British Women Pilots’ Association pays tribute to Freydis Sharland, founder chairman and distinguished World War 2 Spitfire pilot in Air Transport Auxiliary
Pauline Vahey, Chairman of the British Women Pilots’ Association has paid tribute to Freydis Sharland, who died at the age of 94 on 24 May
“Freydis Sharland was the first chairman of the British Women Pilots Association when it was established in 1955 and she has maintained close links with us ever since. She will be sadly missed.

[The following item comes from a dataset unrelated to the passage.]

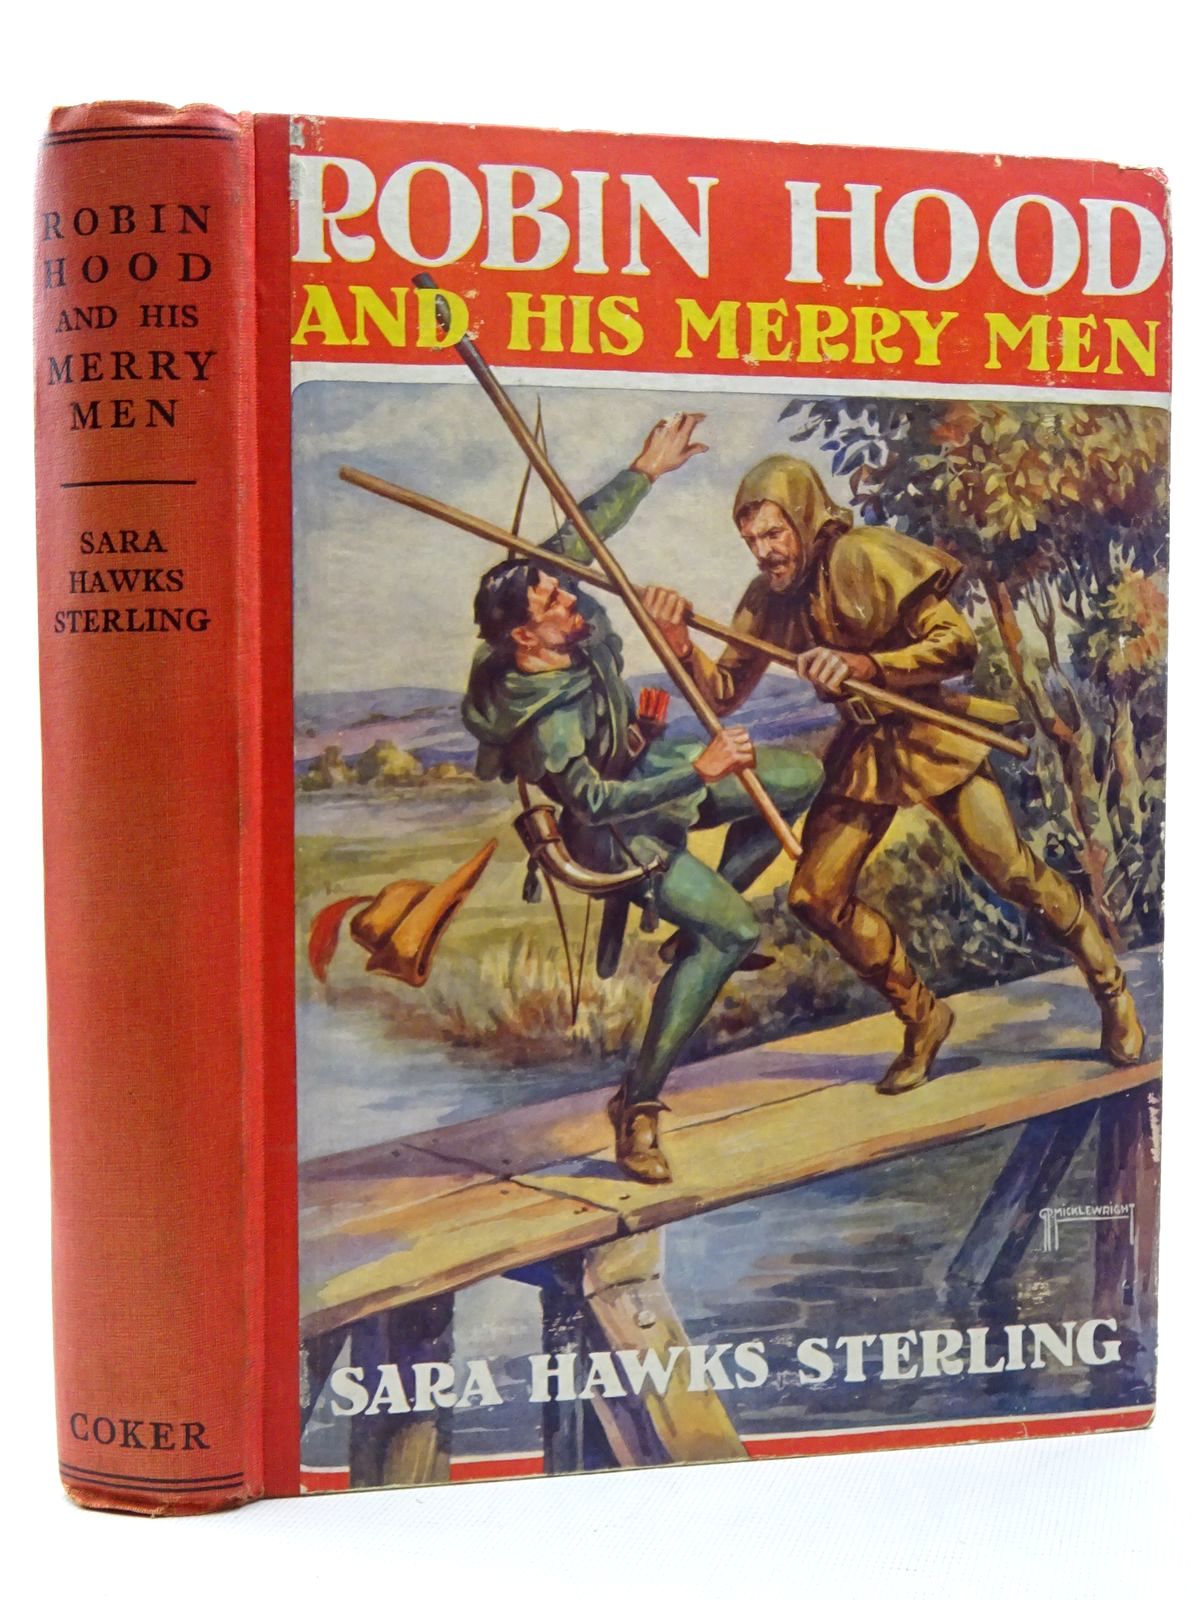 Photo of ROBIN HOOD AND HIS MERRY MEN written by Sterling, Sara Hawks illustrated by Wheelwright, Rowland published by J. Coker & Co. Ltd. (STOCK CODE: 2125029)  for sale by Stella & Rose's Books
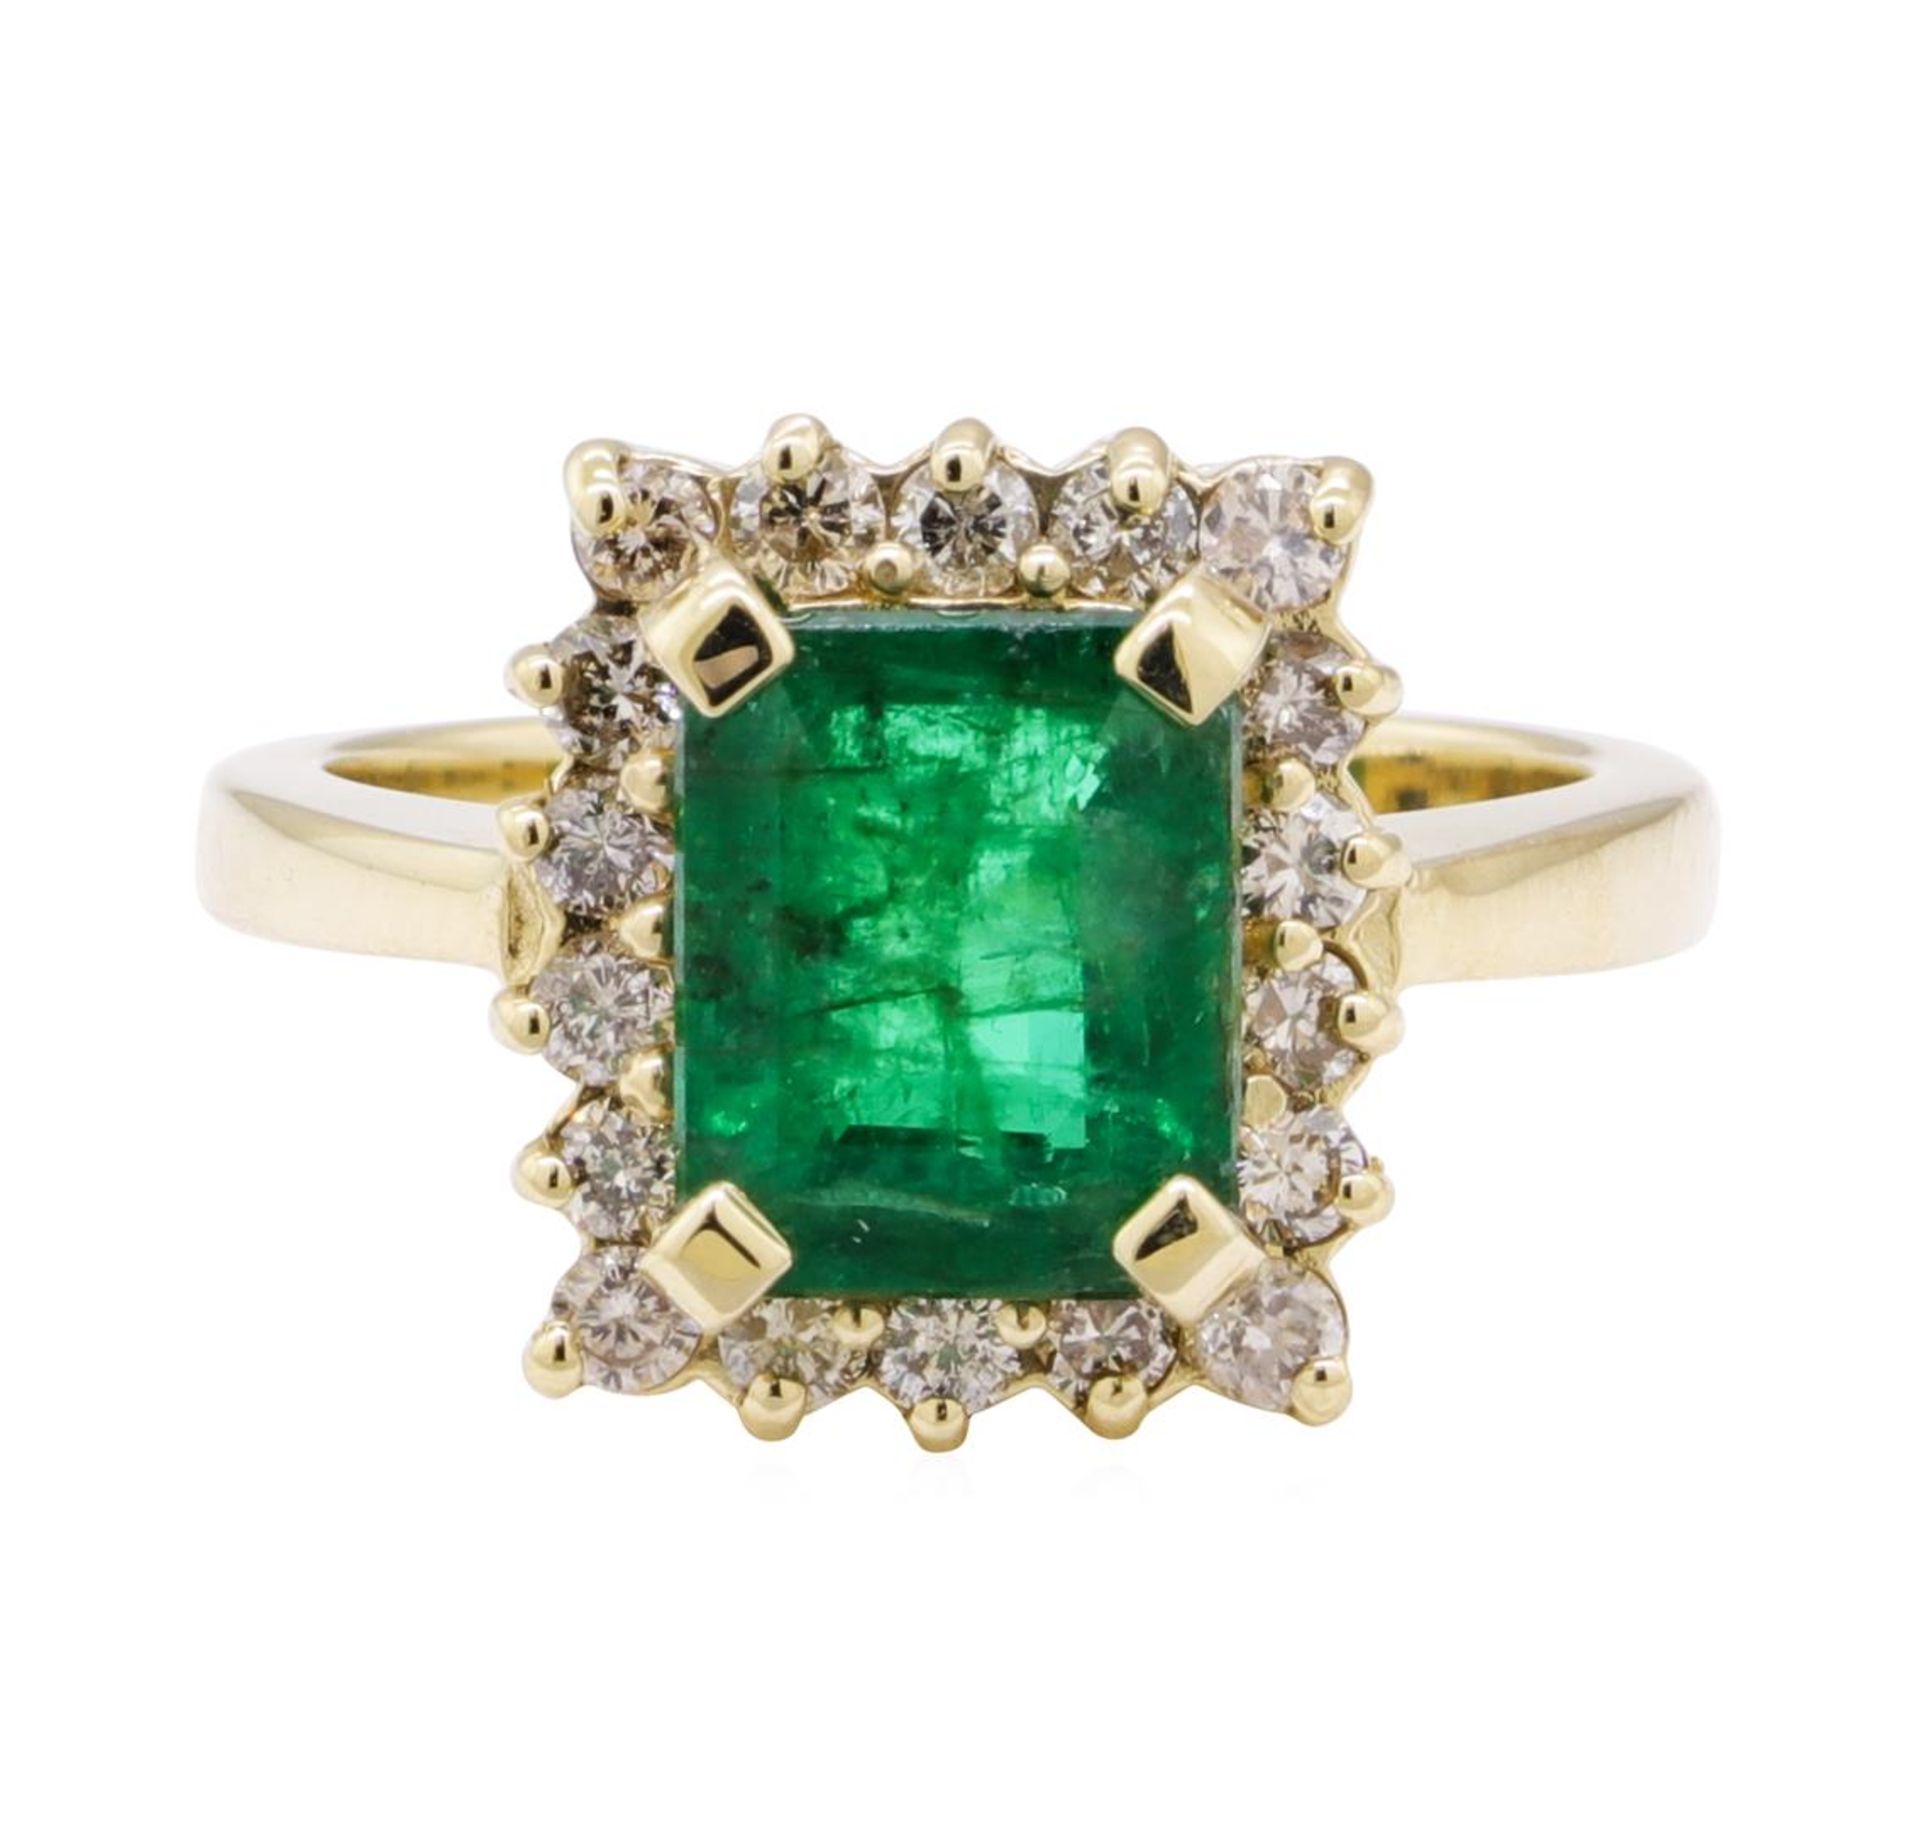 2.90ctw Emerald and Diamond Ring - 14KT Yellow Gold - Image 2 of 5

“She was an inspiration to all women pilots, a brave and fearless aviator, who distinguished herself in the World War 2 Air Transport Auxiliary (ATA), flying every class of aircraft except four engine bombers. After the war she continued her support for women in aviation.”
Freydis had learned to fly at Cambridge before the war, but had a total flying experience of only 26 hours and 10 minutes when she joined ATA in 17 February 1943. By the time she left ATA at the end of October 1945 she had flown 607 hours and 25 minutes in ATA service, had flown 38 different types from a Lysander to a Wellington (and everything in between). Being based at Hamble, Spitfires were her bread and butter, and she ferried 110 Spitfires. In 1953 she delivered a plane on her own to Pakistan as a freelance commercial pilot.
Beyond the ATA years Freydis was a Women’s Junior Air Corps then Girls Venture Corps (GVC) officer for many years then subsequently on the GVC Aviation Panel. Even when retired she continued to support youth flying in the Girls Venture Corps, which until 1982 was the only organisation catering for girls flying. The WJAC / latterly GVC owned a series of aircraft which provide flying experience to its cadets, using its own pilots, such as Freydis and fellow ATA pilot, Diana Barnato. She continued to fly her own microlight until 2000.